2012年3月26日月曜日

2012INDYCARレポートR1:決勝・エンジンバトル初戦はシボレー、カストロネベスが制す。佐藤琢磨は11周をリードするもトラブルでリタイア22位

第1戦ホンダ グランプリ・オブ・セント・ピーターズバーグ
2012 IZOD INDYCAR SERIES Round 1 Honda Grand Prix Of St. Petersburg

コースタイプ:ストリート
全長:1.8マイル(=約2.897km)×100周

決勝:3月25日
天候:晴れ
気温:27〜28℃

 朝方の雨はウォームアップセッションの路面をハーフウェットとしたが、その後に再び雨が降ることはなく、レースはドライコンディションで開催された。
 ストリートレースだというのにマシン同士が絡み合うアクシデントはひとつも発生しなかった。それは新しいレースディレクターが就任したおかげだったのか。

 強い日差しと、昨日までより幾分高い湿度というコンディション下でのレースは、ピットタイミングが非常に重要な意味を持つ戦いとなった。
 ポールポジションからトップを守ったウィル・パワー(チーム・ペンスキー)は、13周目にキャサリン・レッグ(ロータス・ドラゴン・レーシング)がストップしたのを見るやピットロードへと飛び込んだ。まだフルコースコーションが出される前のことで、この判断は実に見事だったと思われた。14台が彼に続き、その後でフルコースコーションは出されたからだ。

 しかし、結果から言えば、このタイミングでのピットストップは失敗だった。フルコースコーションを活かしてピットストップを3回行うより、アンダーグリーンでの2ストップでゴールまでを走り切る方が有利なレースへと、中盤戦からの展開によってレースは変わって行ったのだ。
 スコット・ディクソン(チップ・ガナッシ・レーシング)は、その13周目のピットストップをし損ねた。彼はピットインしなかったことを悔やんでいた。自分の決定的な判断ミスによって、上位フィニッシュを諦めなくてはならないと考えていた。しかし、レース展開は彼らに味方した。彼とエリオ・カストロネベス(チーム・ペンスキー)に。

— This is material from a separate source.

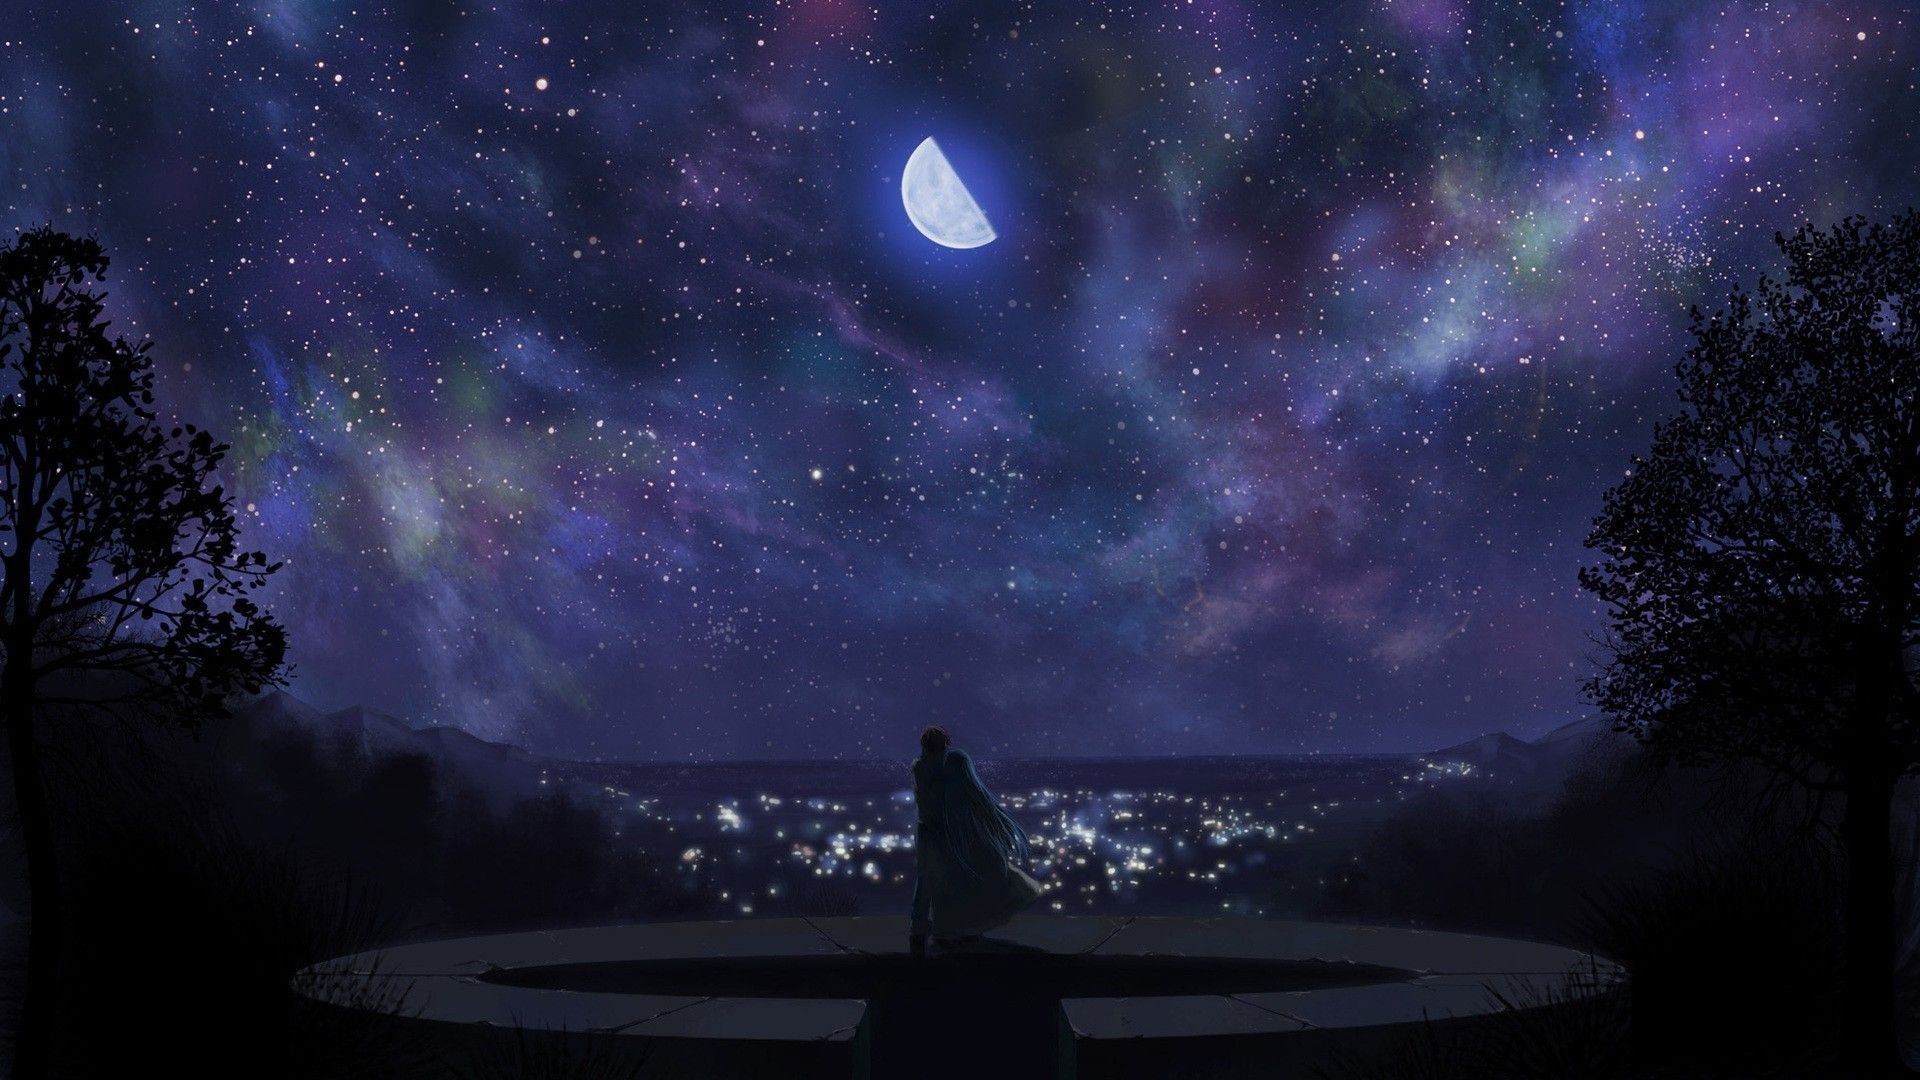 Wonderful view of anime girl sitting in the sky with half moon and star  view 4K wallpaper download

 21周目にトップに躍り出たディクソンは、カストロネベスを後方に封じ込めたまま周回を重ねた。1回目のピットストップを行って一端リードを手放した彼だったが、48周目にトップに再浮上し、2回目のピットストップを行った68周目までその座を守り続けた。優勝はディクソンが手にするかに見えていた。
 ところが、最後のピットストップで順位の逆転が起こった。彼よりフルタンクで1周多く走ることができたカストロネベスは、ピット作業を終えてコースに戻ると、JR・ヒルデブランド(パンサー・レーシング)をパスしてトップに立ち、そのままゴールまで突っ走ったのだ。

 カストロネベスの走りはライバル勢を圧倒するもので、ディクソンを一時は7秒以上も突き放した。バック・マーカーの登場によって差は縮まってのゴールとなったが、カストロネベスはまったく危なげなく2010年のインディ・ジャパン以来となる勝利へと逃げ切った。ディクソンはユーズドのレッドタイヤがグリップを失ってしまっていた。
 それでも、3位を走るライアン・ハンター-レイ(アンドレッティ・オートスポーツ)には燃費の心配があり、ディクソン同様にペースを上げることはできなかった。

 リザルトはカストロネベス、ディクソン、ハンター-レイの順。エンジンバトルはシボレー、ホンダ、シボレーという結果になった。ロータスのベストはアレックス・タグリアーニ(ブライアン・ハータ・オートスポート・ウィズ・カーブ/アガジェニアン)の15位だった。
 佐藤琢磨(レイホール・レターマン・ラニガン・レーシング)は14番グリッドからのスタートながら、レース半ばに11周トップを走った。作戦の良さに加えて、スタートおよびリスタートでの大きなポジションアップでトップ争いへと上がって行ったのだ。ダリオ・フランキッティやウィル・パワーとのバトルを戦ってのオーバーテイクも今日の琢磨は見せていた。しかし、2回目のピットストップを終えてコースに戻るとギヤのシフト・アップができなくなり、リタイヤを喫した。